In `@discord_activity_tracker/management/commands/run_discord_exporter.py`:
- Around line 398-404: The loop is calling asyncio.run(...) for every JSON file
which creates a new event loop each iteration; instead accumulate channel
payloads (e.g., collect channel_data into a list) and call
asyncio.run(persist_exporter_channel_payloads(all_channel_data,
expected_guild_id=guild_id)) once to process them in a single event loop, then
unlink the corresponding json_path files after the batched call succeeds;
alternatively create one event loop outside the per-file loop and schedule
persist_exporter_channel_payloads tasks for each batch to avoid repeated
asyncio.run invocations while still ensuring json_path.unlink() runs only after
successful persistence.
- Around line 447-448: The import of parse_datetime inside the JSON-files loop
causes repeated overhead; move the import statement for parse_datetime from
inside the loop to the top of the surrounding function (e.g., the command's
handle or run loop in run_discord_exporter.py) so it's executed once, then
update the loop to call parse_datetime directly; reference the symbol
parse_datetime and the loop in run_discord_exporter.py to locate and adjust the
code.

In `@discord_activity_tracker/offline_scripts/export_guild_by_day.py`:
- Around line 622-623: The variables start_dt and end_dt are being shadowed here
(assigned from last_date and today_str) which conflicts with outer-scope
start_dt/end_dt; rename them to distinct identifiers (e.g., ch_start_dt and
ch_end_dt) and update every subsequent use in this local block to the new names
so you don't accidentally reference or overwrite the outer variables — change
the assignments from datetime.strptime(last_date, "%Y-%m-%d") and
datetime.strptime(today_str, "%Y-%m-%d") and all later local references
accordingly.
- Around line 690-695: The futures loop currently calls future.result() without
catching exceptions, so if export_channel_days raises the exception it will
propagate; wrap the result retrieval in a try-except around the call in the
ThreadPoolExecutor loop that iterates over as_completed(futures) (referencing
export_channel_days, futures, failed_channels), catch Exception as e, log or
record the exception with context (include the channel id/name from
futures[future] or the returned cid/cname if available), append the channel id
to failed_channels for failed tasks, and continue to the next future so one
failing thread doesn't kill the whole export.

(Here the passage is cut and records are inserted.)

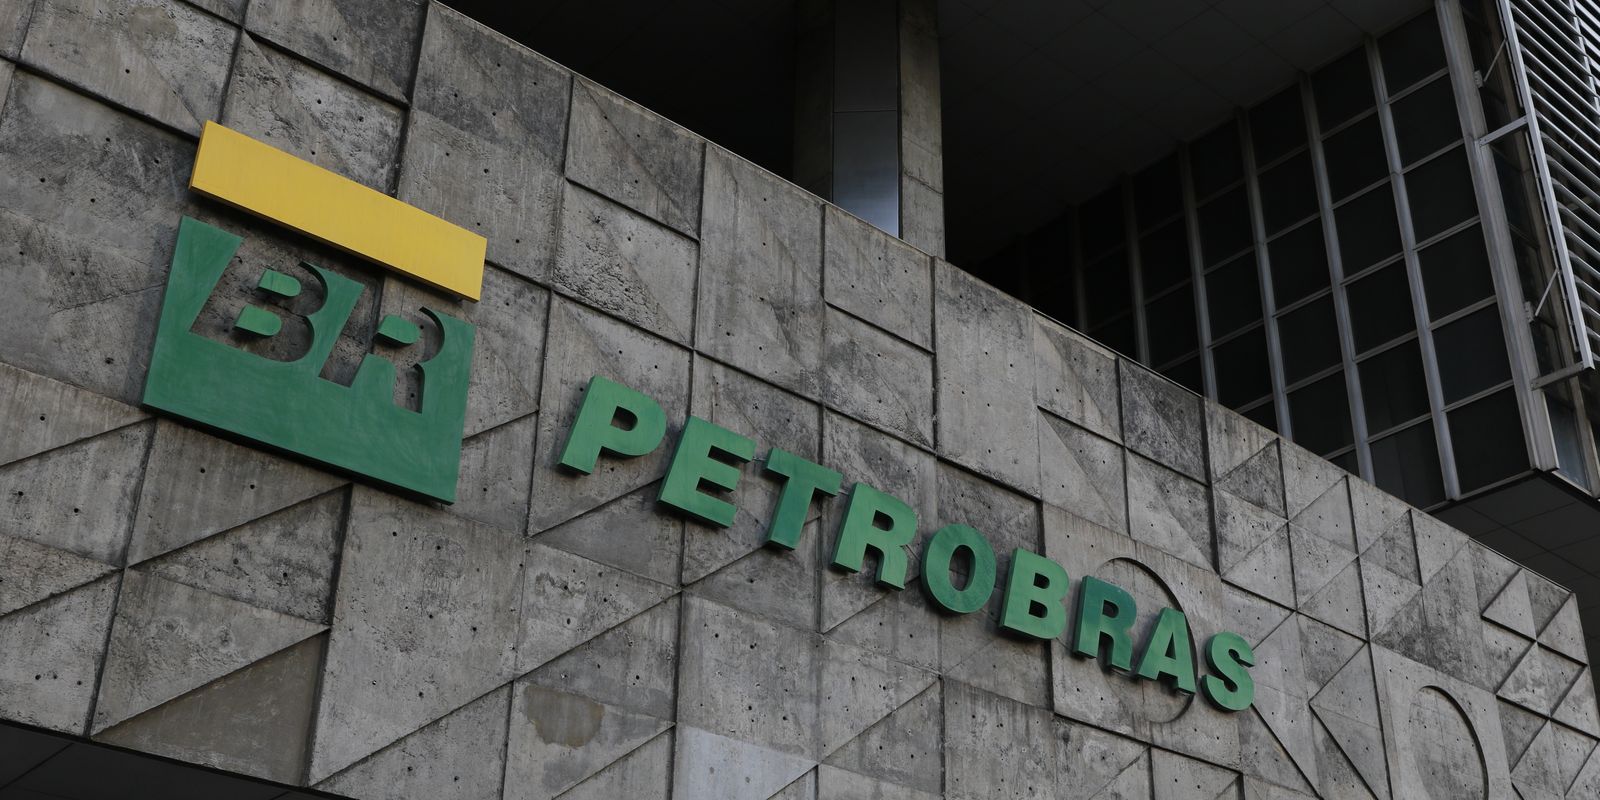 Petrobras aprova propostas para planejamento estratégico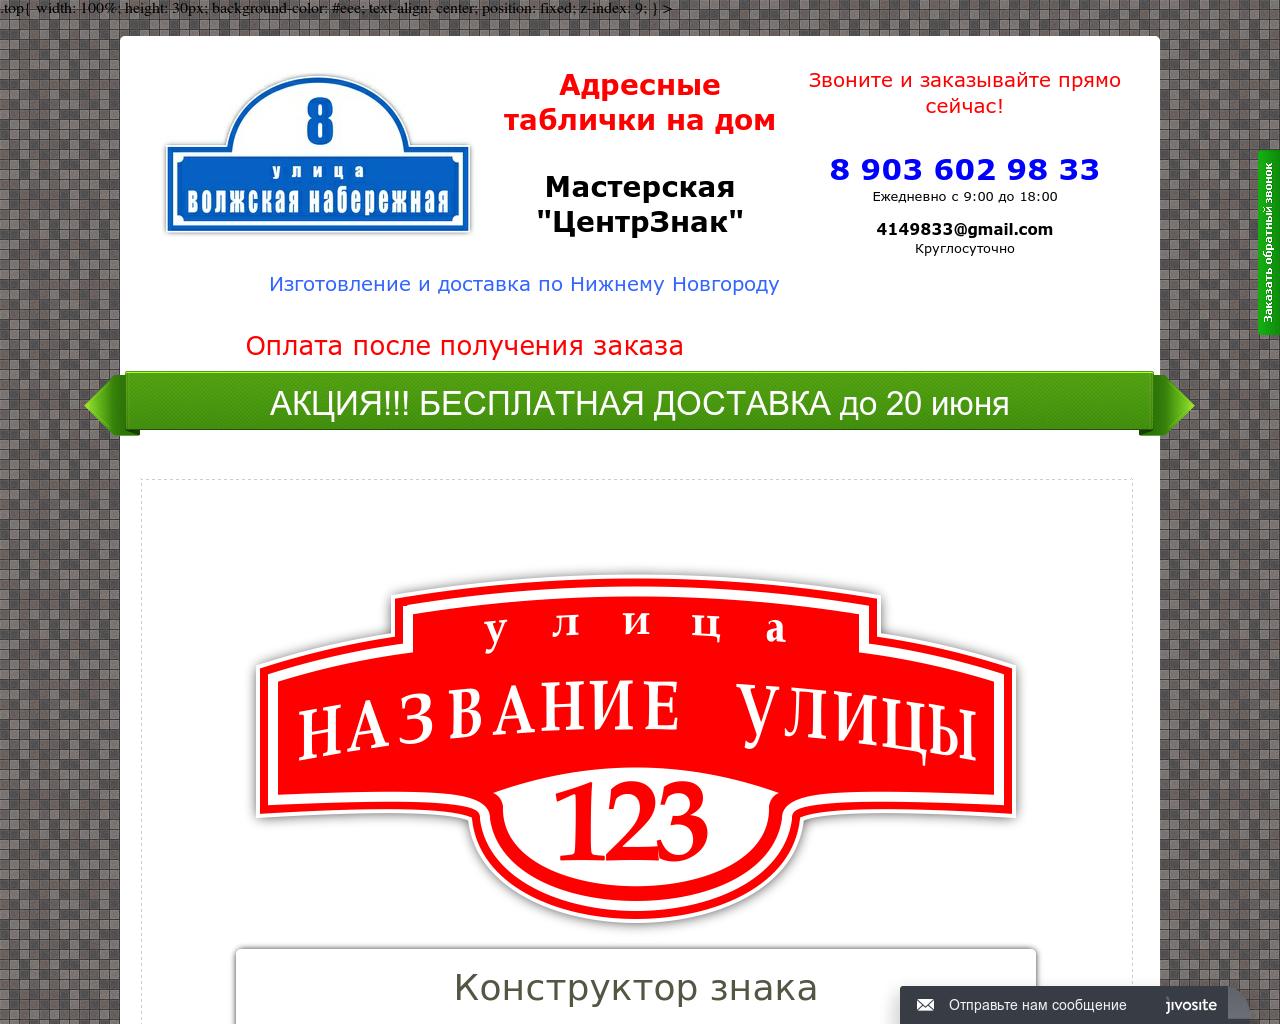 Изображение сайта wm152.ru в разрешении 1280x1024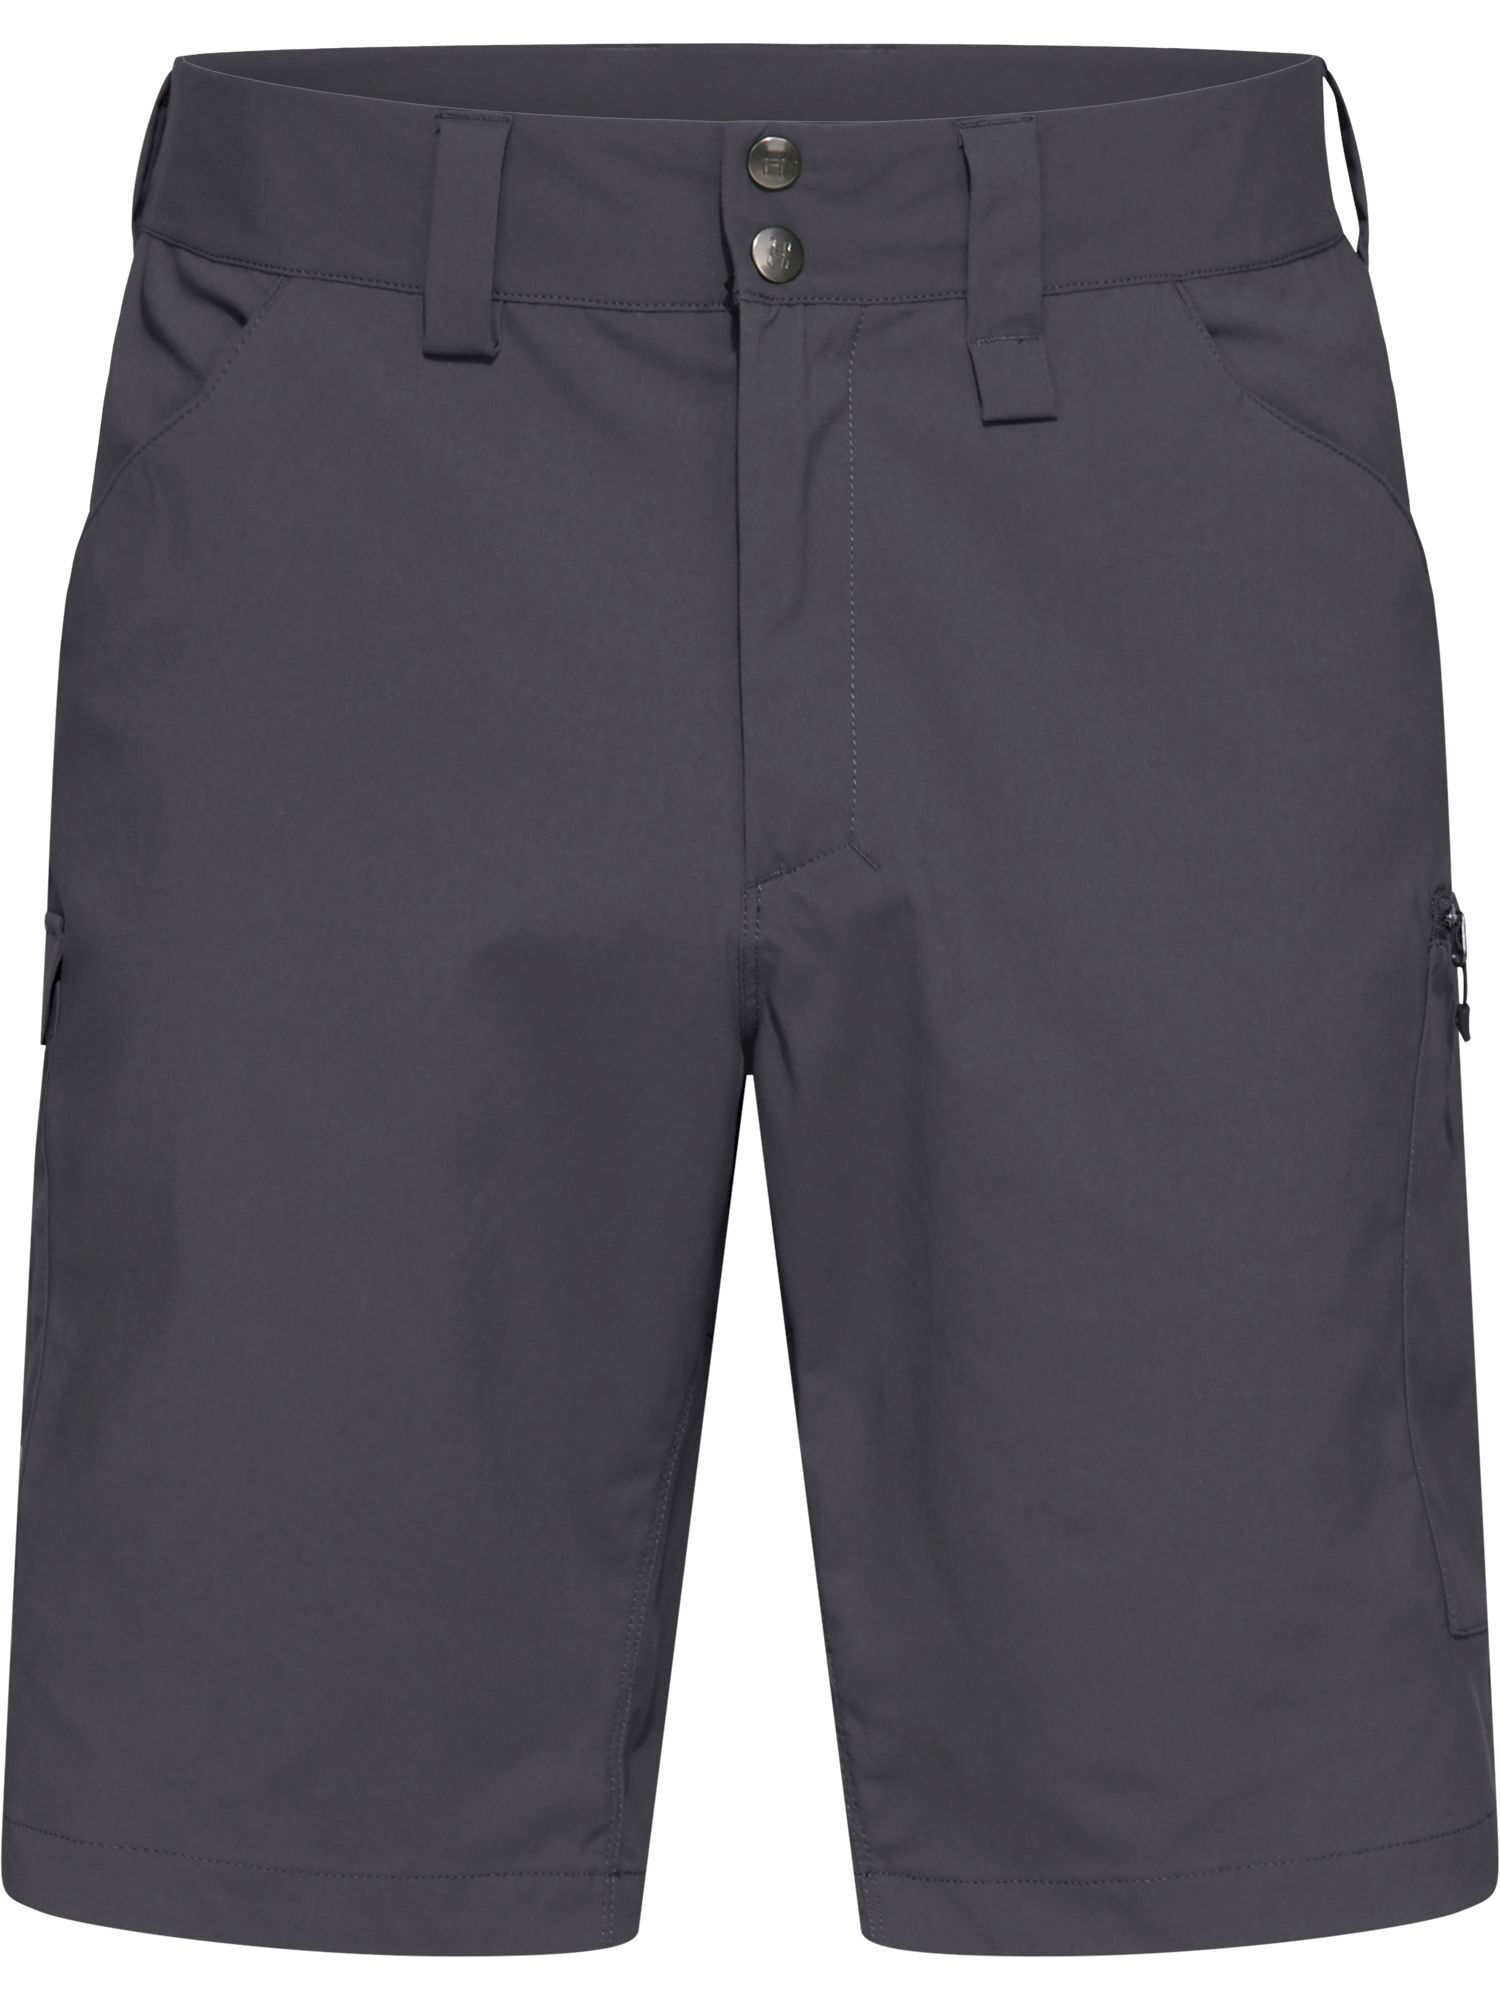 Haglöfs Mid Standard Shorts - Walking shorts - Men's | Hardloop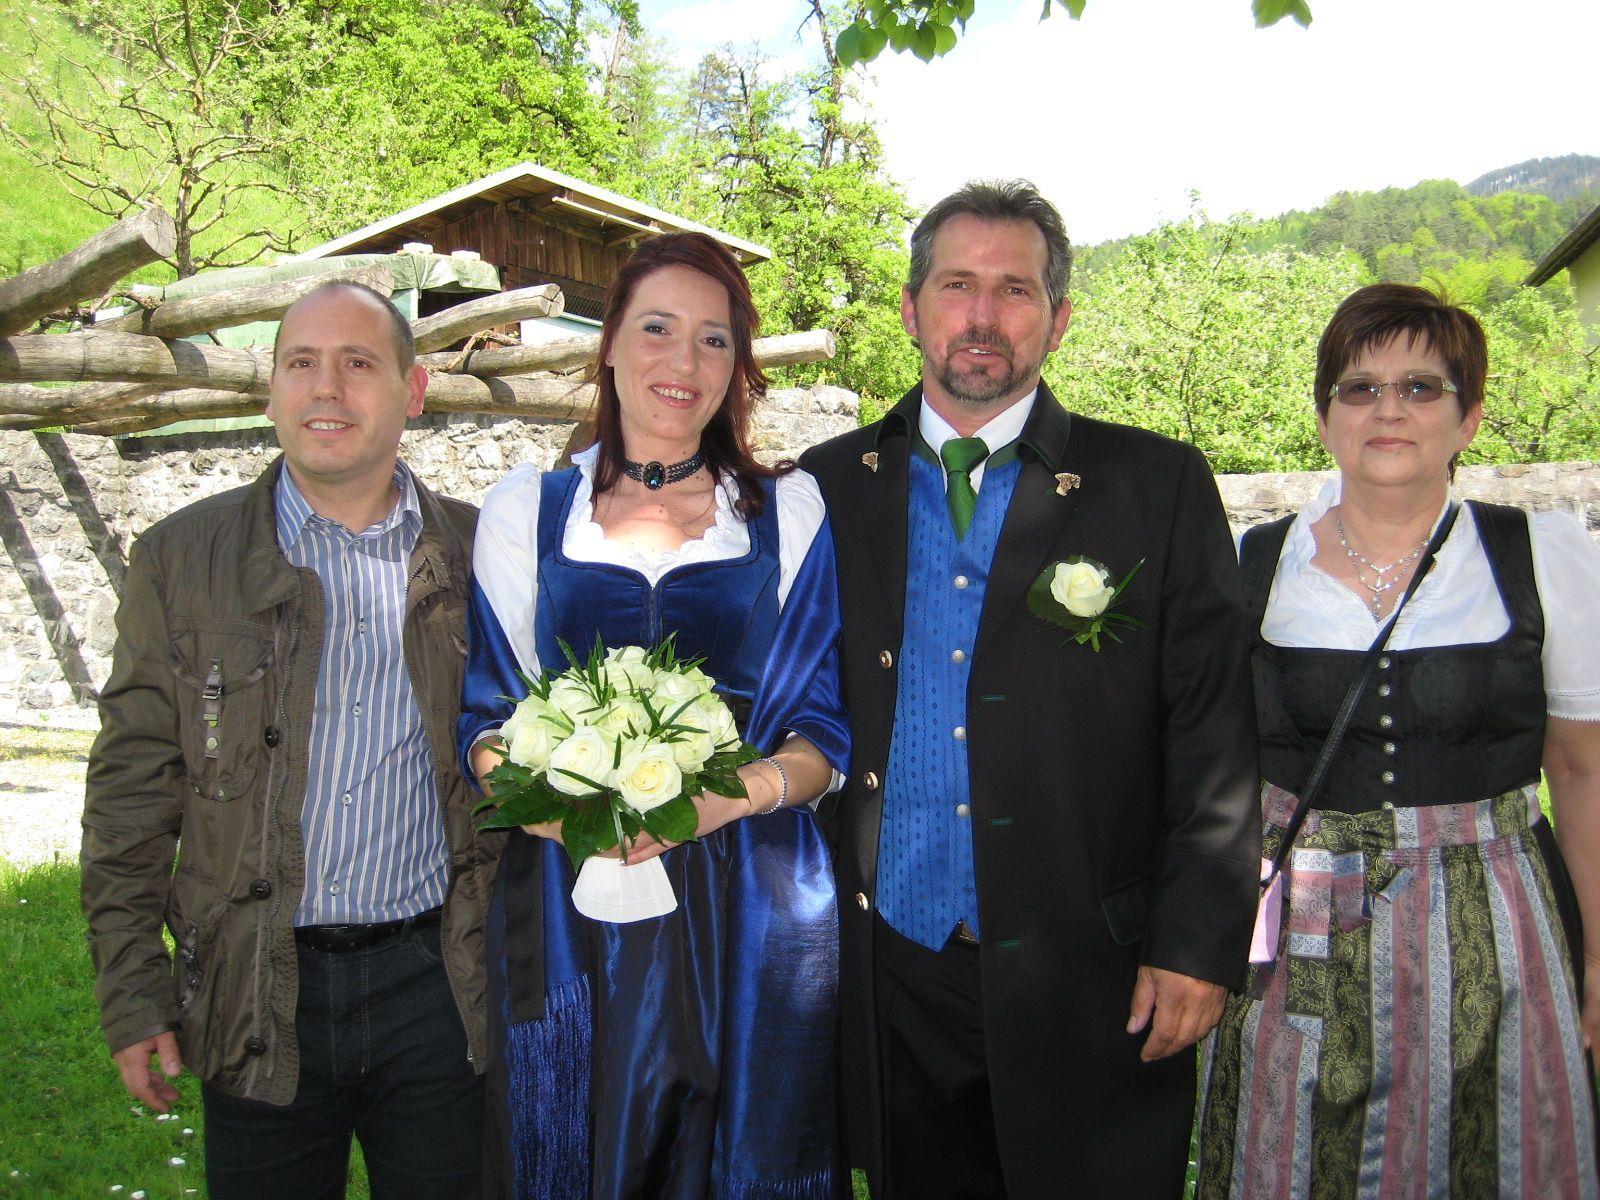 Carolina Patschg und Christian Kessler haben geheiratet.

In `@discord_activity_tracker/sync/backfill_paths.py`:
- Around line 44-47: _as_date currently returns None for inputs that are date
instances (only checks isinstance(d, datetime)); update _as_date to accept both
datetime and date by returning d.date() when d is a datetime and returning d
when d is a date, while still returning None for None inputs so callers like
parse_iso_datetime continue to work; adjust the function signature/logic in
_as_date to use isinstance checks against datetime and date accordingly.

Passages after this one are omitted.